Tosyl phenylalanyl chloromethyl ketone (TPCK) is a protease inhibitor. Its structural formula is 1-chloro-3-tosylamido-4-phenyl-2-butanone.
TPCK is an irreversible inhibitor of chymotrypsin. Also inhibits some cysteine proteases such as caspase, papain, bromelain or ficin.[1] It does not inhibit trypsin or zymogens.

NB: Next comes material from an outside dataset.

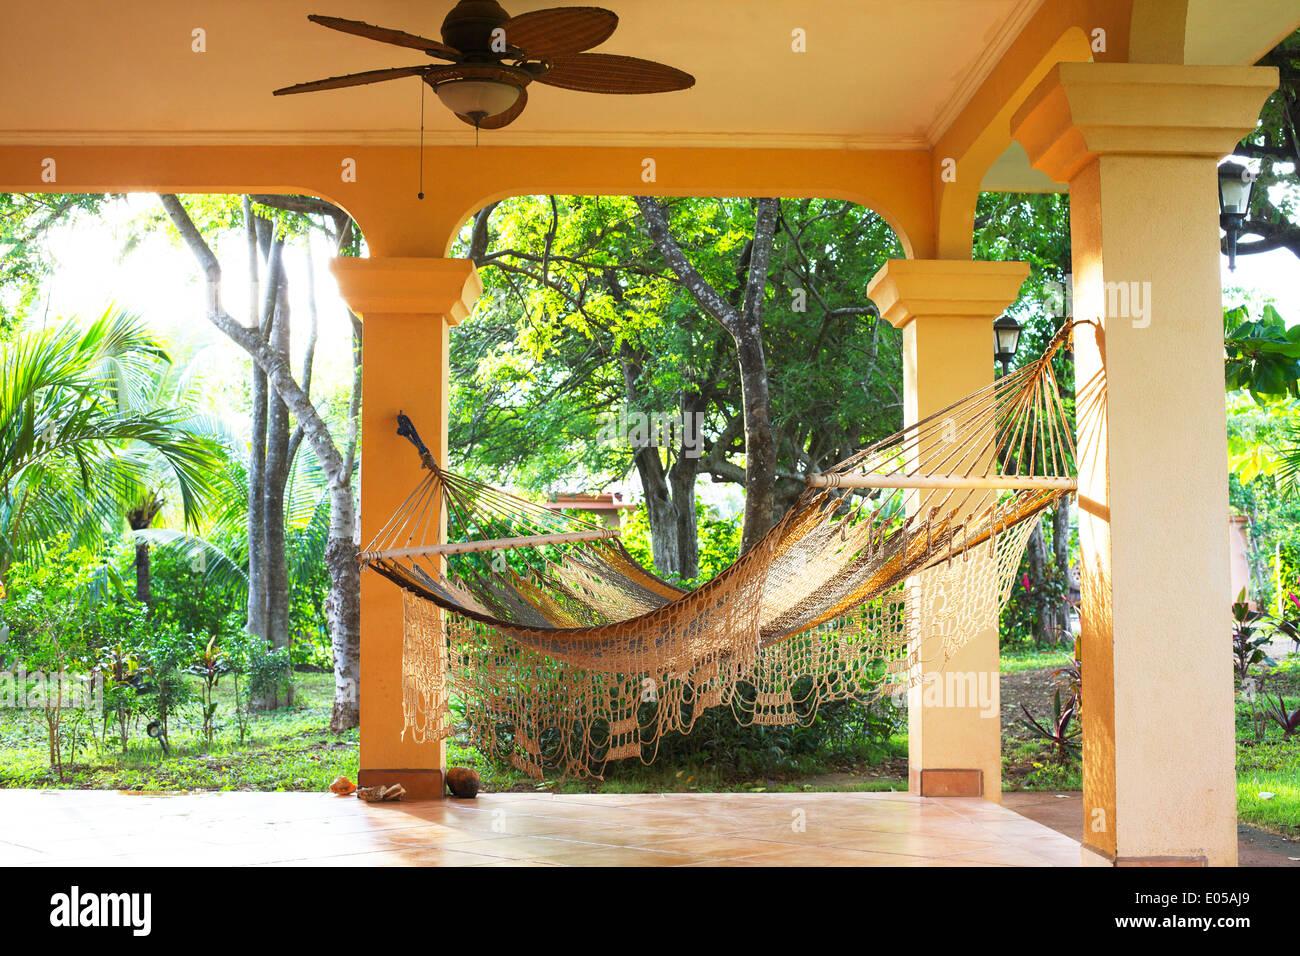 Un invitante amaca appesa su un soleggiato portico con i tropici in background. Immagini Stock
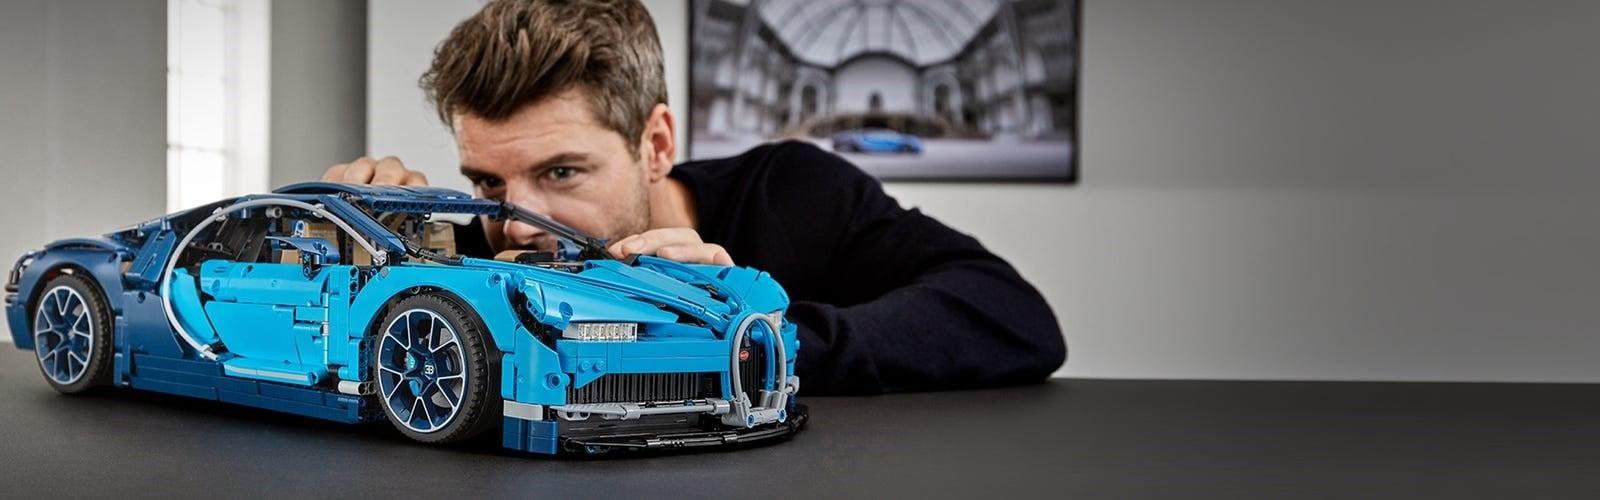 LEGO® Technic™ Bugatti Chiron Kit.jpg

TPCK is observed covalently bound in the active site of Caspase 3 in the crystal structure of the complex solved in 2010.[2] The chloromethyl group reacts with the active site cysteine to form a covalent bond with the loss of the chlorine.
TPCK is chosen for the chemical labelling of active histidine in enzyme analysis. The phenylalanine moiety is bound to the enzyme because of specificity for aromatic amino acid residues at the active site (as in chymotrypsin, in which it binds to the Histidine-57 residue in the active site).[3]
TPCK-treated trypsin is used to improve infection yield in laboratory tissue culture of some wild virus isolates that are not well-adapted to growth in vitro, such as some low-pathogenic avian influenza strains or fresh clinical isolates of SARS-CoV-2. The trypsin performs the maturation cleavage of the viral envelope proteins efficiently.